WHAT YOU NEED TO DO: Print exactly and only the lines that run from the one containing "Fancy Yellow Diamond" through the end of the material, please, omitting pictures.

DATA SEGMENT:
***

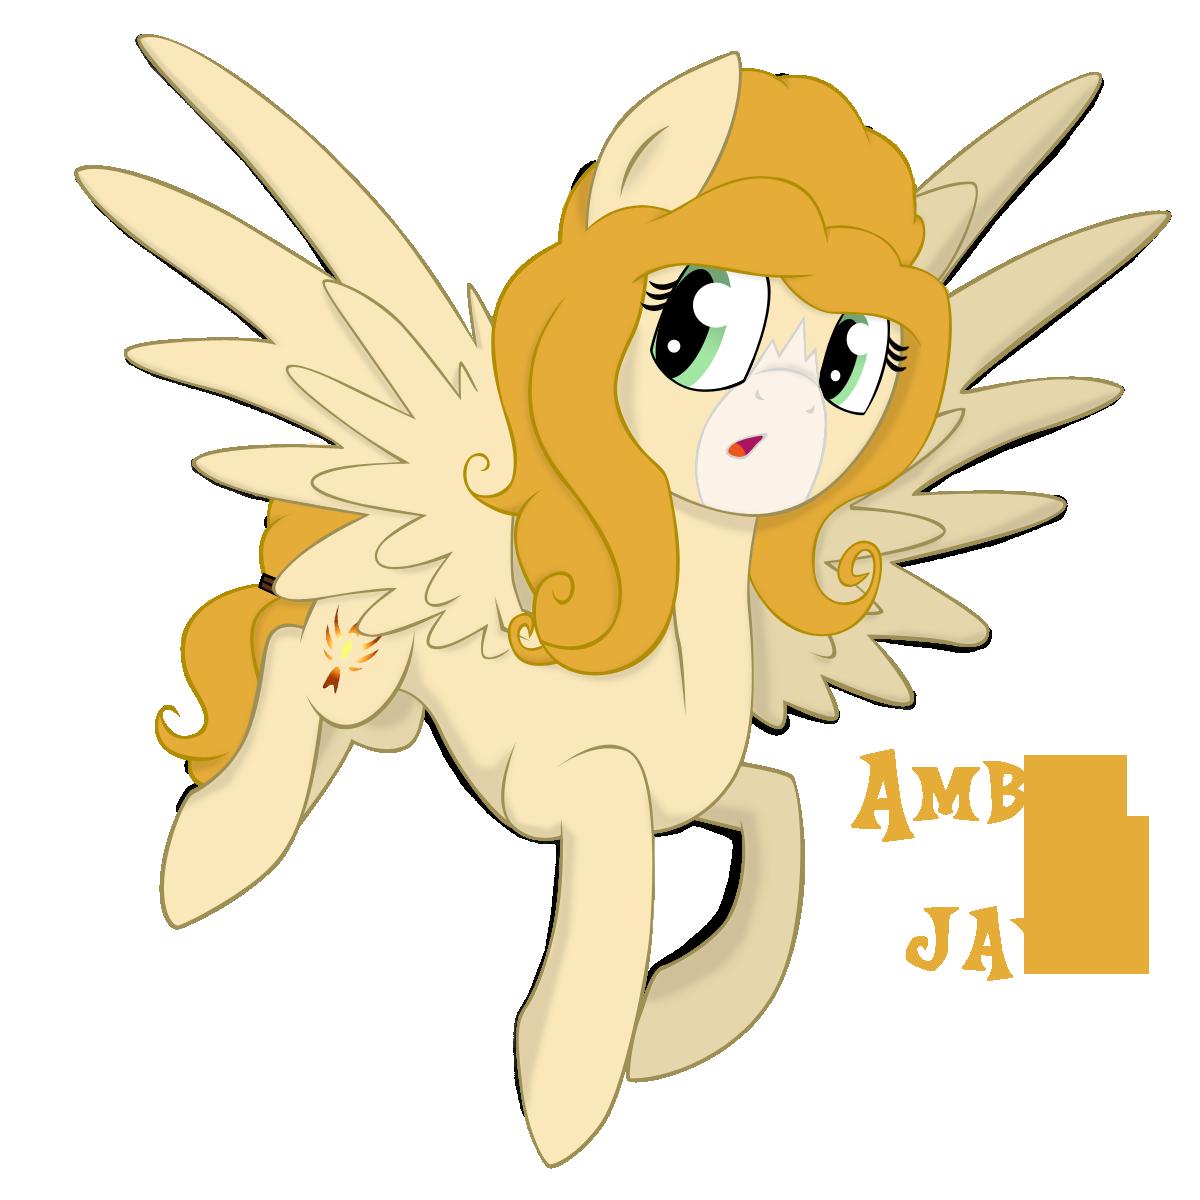 Gift: Amber Jay
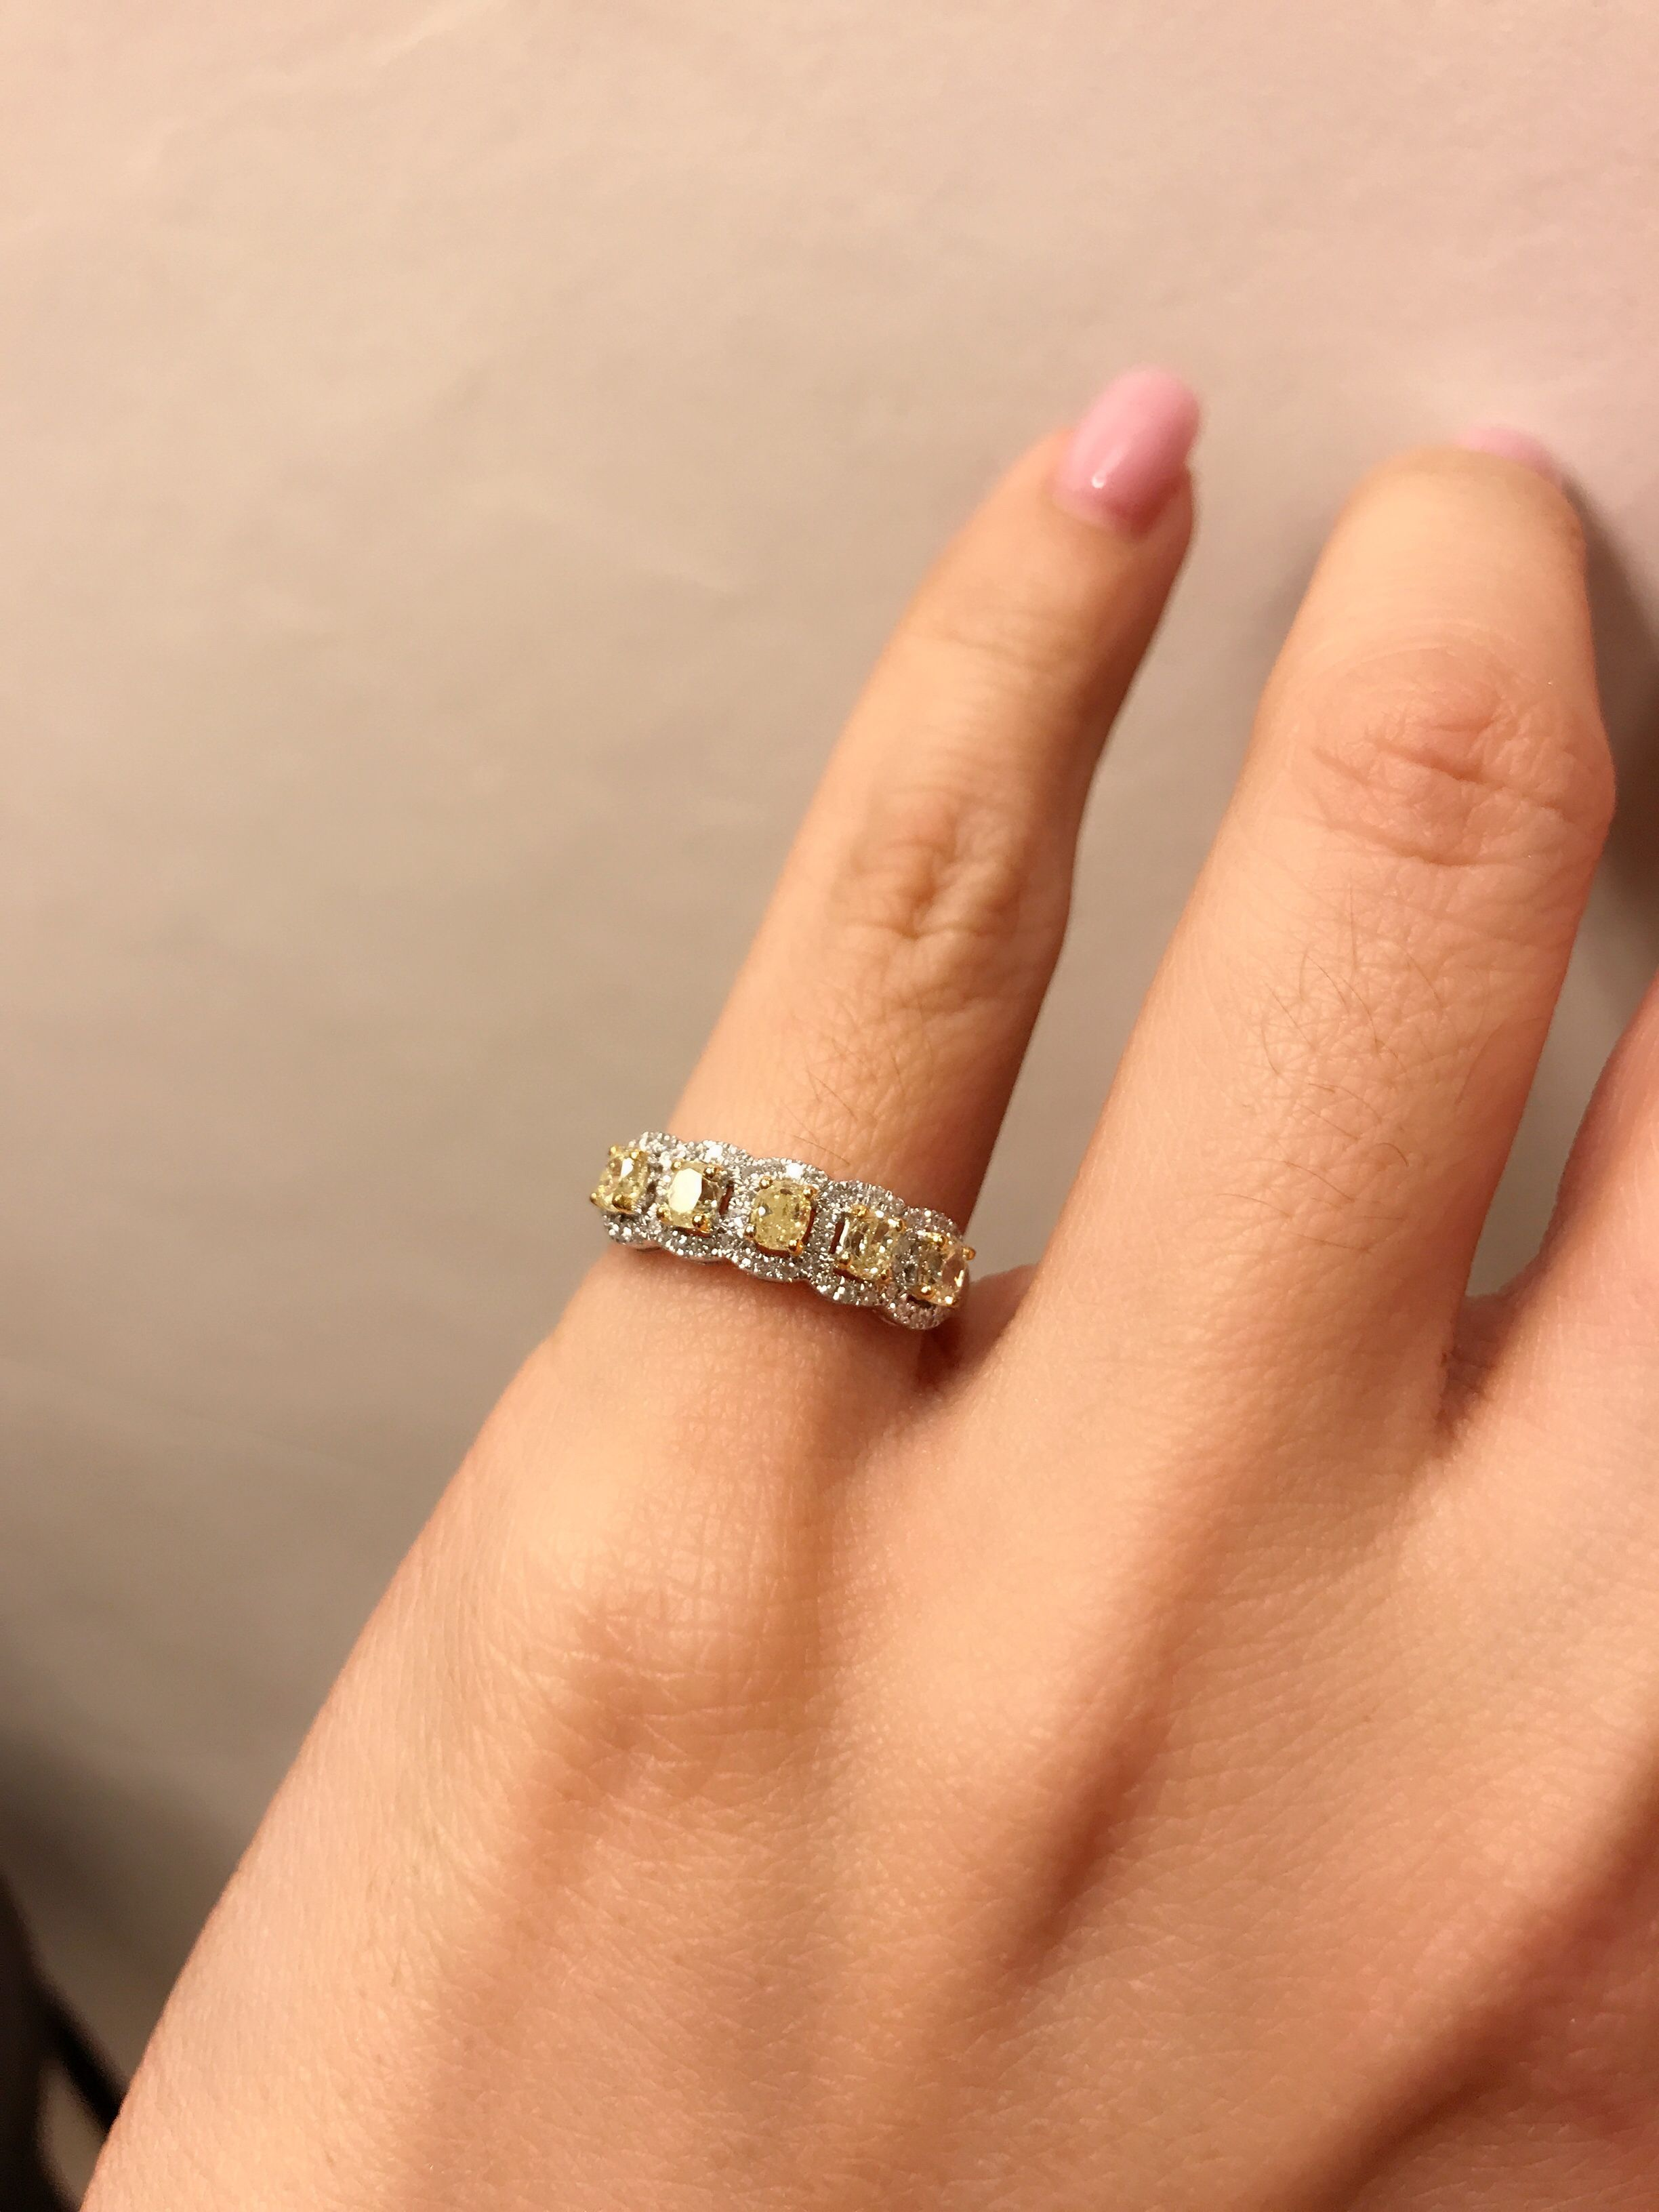 Fancy Yellow Diamond Baby Finger Ring Wedding Ring Finger
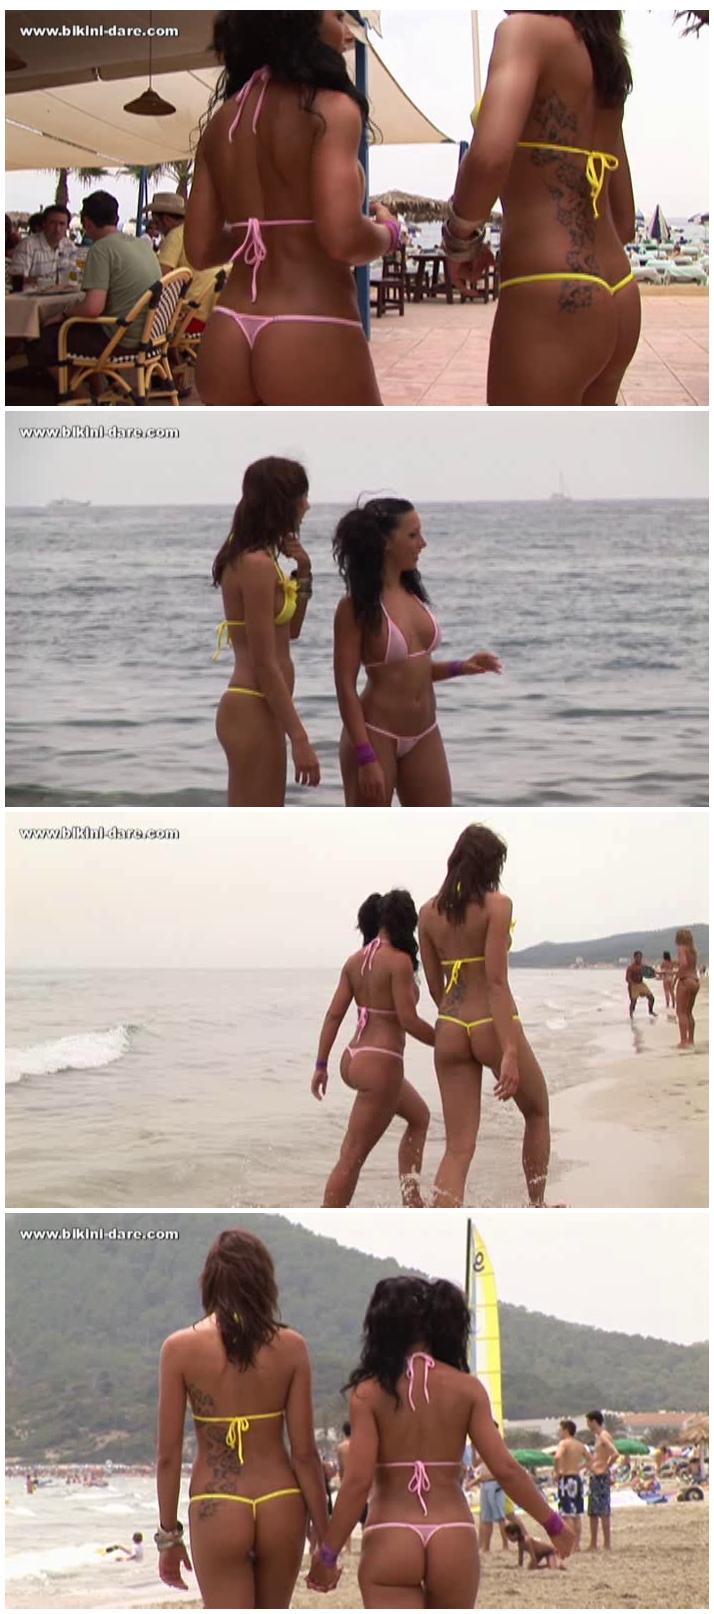 bikini-dare073_cover.jpg

***

TASK SOLUTION:
 Fancy Yellow Diamond Baby Finger Ring Wedding Ring Finger
 bikini-dare073_cover.jpg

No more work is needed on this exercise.